Gene Incremental Learning for Single-Cell Transcriptomics
Jiaxin Qi, Yan Cui, Jianqiang Huang, Gaogang Xie
TL;DR
Gene Incremental Learning (GIL) introduces token-like learning for genes in single-cell transcriptomics, addressing the growth of gene sets by defining base genes and stage-specific gene partitions. The approach adapts Class Incremental Learning (CIL) ideas with a dedicated GIL objective $\mathcal{L}_{\text{GIL},s_k}$ and evaluation protocols, including gene-wise regression and gene-based classification, to quantify forgetting and knowledge transfer. Through baselines (baseline, replay) and knowledge-preserving strategies (distillation), the authors demonstrate that forgetting occurs in the vanilla setting and that both replay and distillation mitigate it, though with trade-offs on downstream classification. The work provides a scalable benchmark on CELLxGENE with six downstream tasks, validating the framework and suggesting future extensions to other token-learning domains in biology and beyond.
Abstract
Classes, as fundamental elements of Computer Vision, have been extensively studied within incremental learning frameworks.
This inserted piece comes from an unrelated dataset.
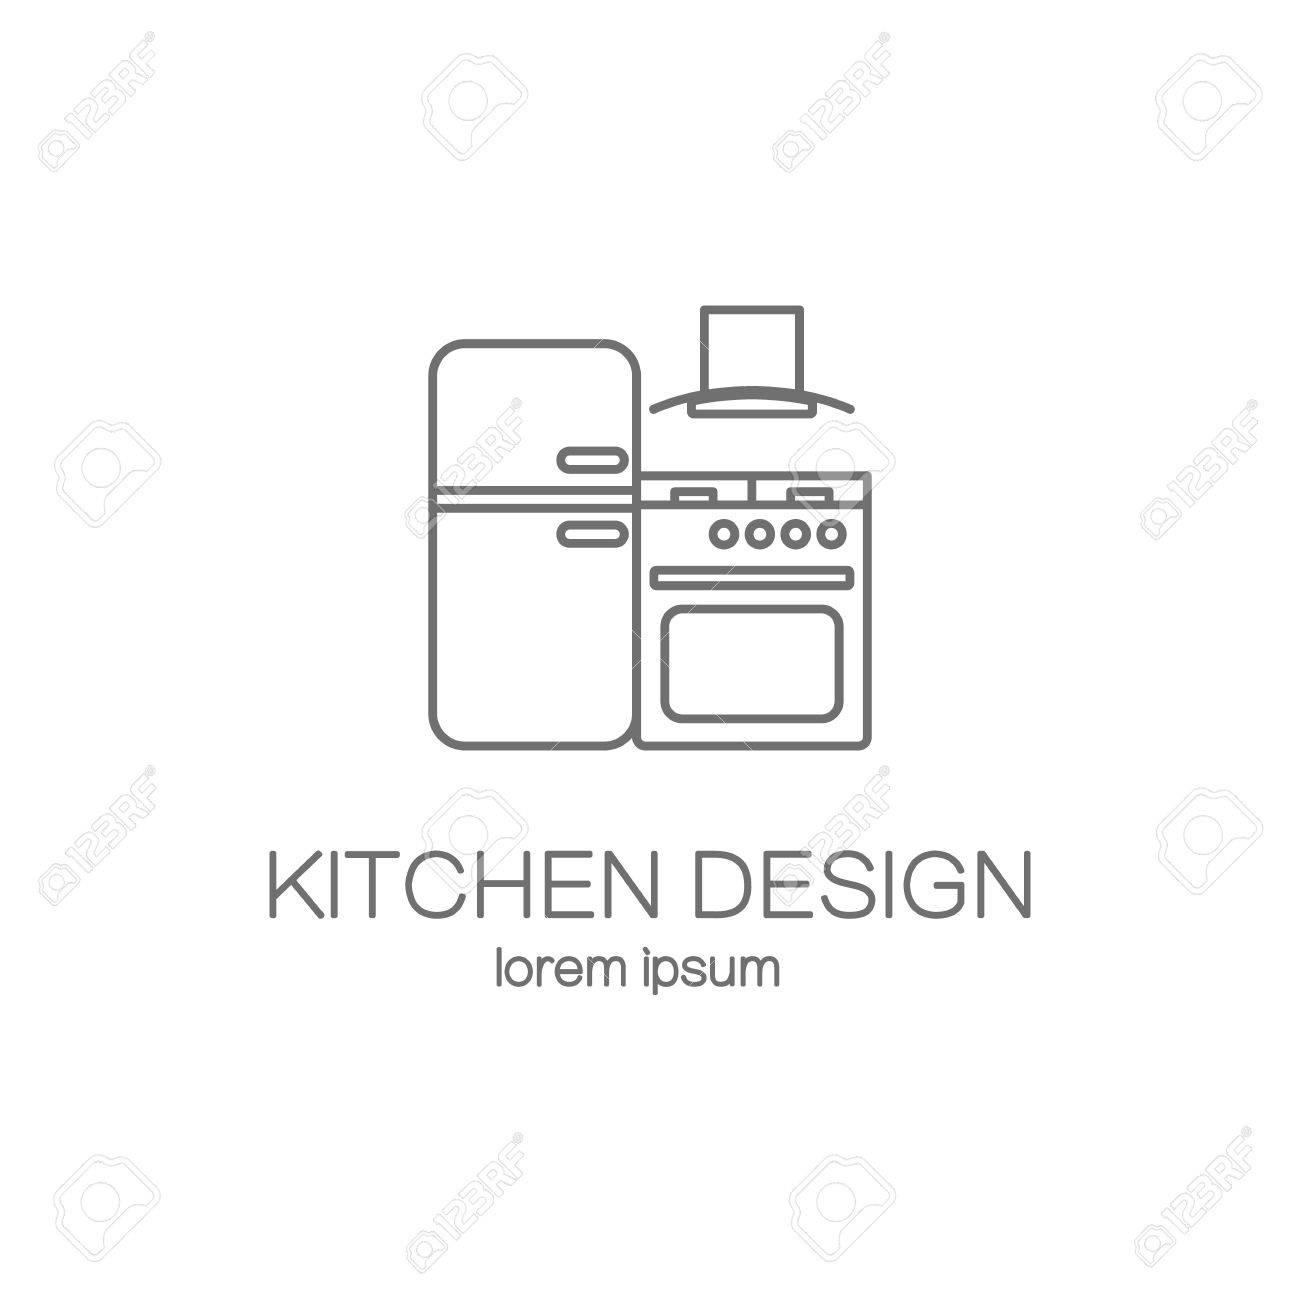 Kitchen Design Line Icon Web Logotype Templates Modern Easy To Edit Logo Template
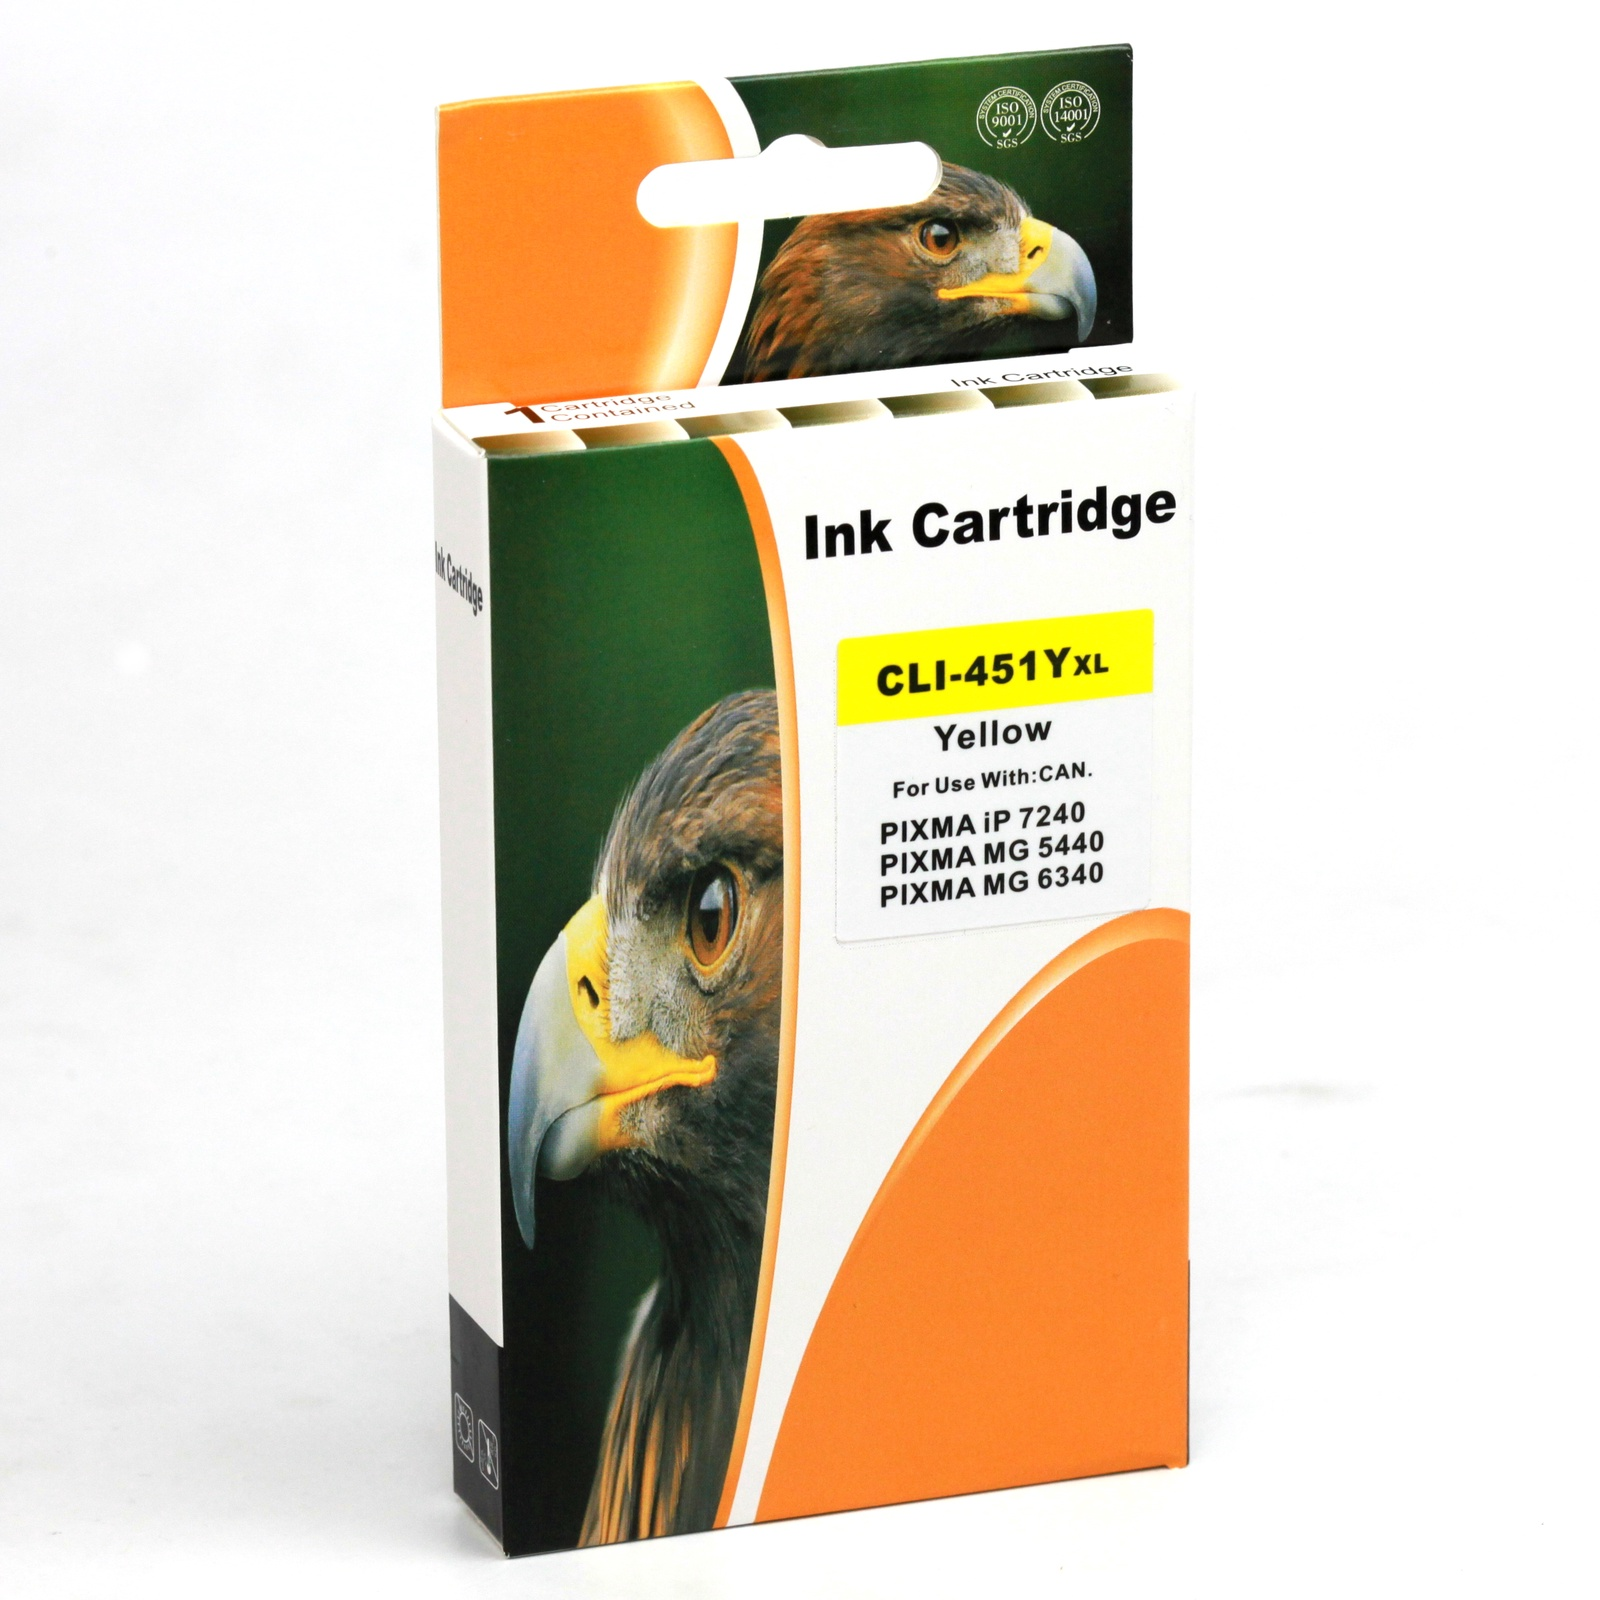 Картридж Inko для CLI-451Y XL желтый повышенной емкости картридж canon cli 451y 6526b001 для canon pixma ip7240 mg6340 mg5440 желтый

In contrast, tokens, which play essential roles in many research fields, exhibit similar characteristics of growth, yet investigations into their incremental learning remain significantly scarce. This research gap primarily stems from the holistic nature of tokens in language, which imposes significant challenges on the design of incremental learning frameworks for them. To overcome this obstacle, in this work, we turn to a type of token, gene, for a large-scale biological dataset--single-cell transcriptomics--to formulate a pipeline for gene incremental learning and establish corresponding evaluations. We found that the forgetting problem also exists in gene incremental learning, thus we adapted existing class incremental learning methods to mitigate the forgetting of genes. Through extensive experiments, we demonstrated the soundness of our framework design and evaluations, as well as the effectiveness of our method adaptations. Finally, we provide a complete benchmark for gene incremental learning in single-cell transcriptomics.